Research output: Contribution to journalArticlepeer-review

Abstract

We have created the Penn State Protein Ladder system to produce protein molecular weight markers easily and inexpensively (less than a penny a lane). The system includes plasmids which express 10, 15, 20, 30, 40, 50, 60, 80 and 100 kD proteins in E. coli. Each protein migrates appropriately on SDS-PAGE gels, is expressed at very high levels (10–50 mg per liter of culture), is easy to purify via histidine tags and can be detected directly on Western blots via engineered immunoglobulin binding domains.

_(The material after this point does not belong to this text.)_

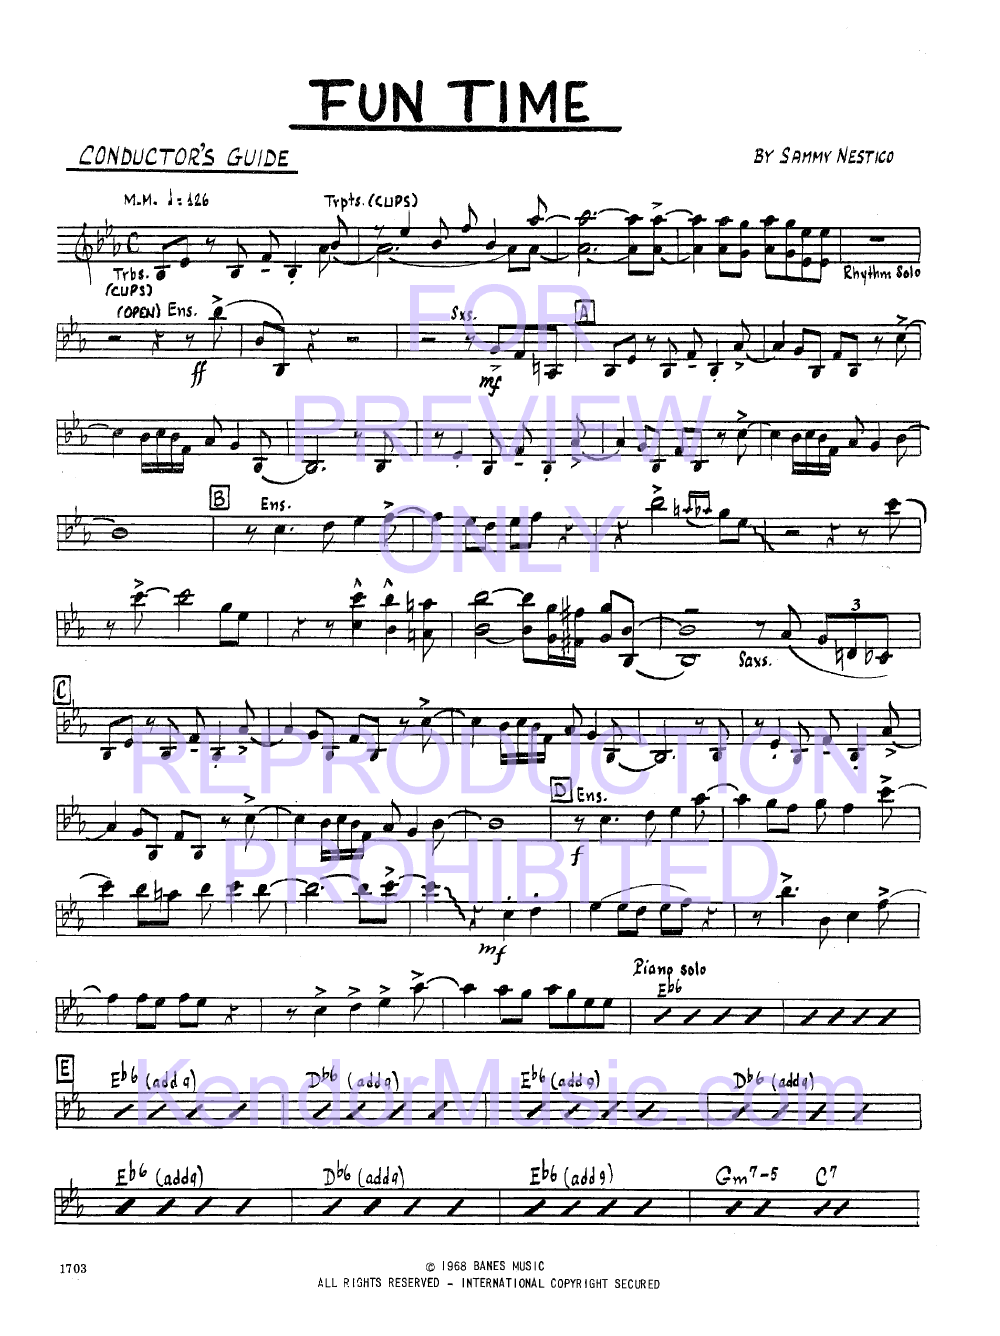 Fun Time by Sammy Nestico| J.W. Pepper Sheet Music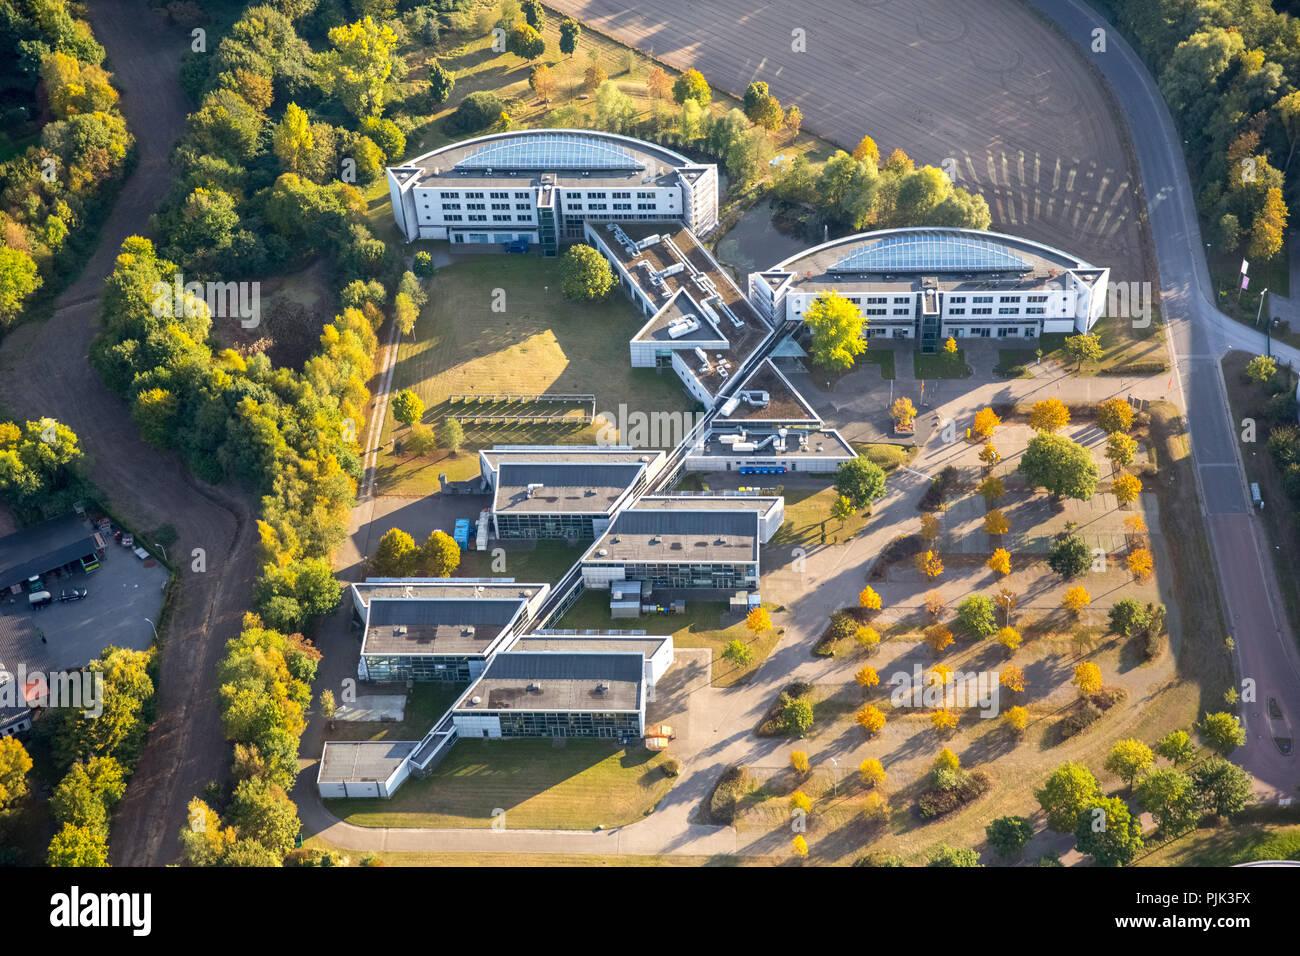 Aerial view, Gladbeck, Ruhr area, North Rhine-Westphalia, Germany - Stock Image

We have also constructed plasmids to express 150 and 250 kD proteins. For more efficient production, we have created two polycistronic expression vectors which coexpress the 10, 30, 50, 100 kD proteins or the 20, 40, 60, 80 kD proteins. 50 ml of culture is sufficient to produce 20,000 lanes of individual ladder protein or 3750 lanes of each set of coexpressed ladder proteins. These Penn State Protein Ladder expression plasmids also constitute useful reagents for teaching laboratories to demonstrate recombinant expression in E. coli and affinity protein purification, and to research laboratories desiring positive controls for recombinant protein expression and purification.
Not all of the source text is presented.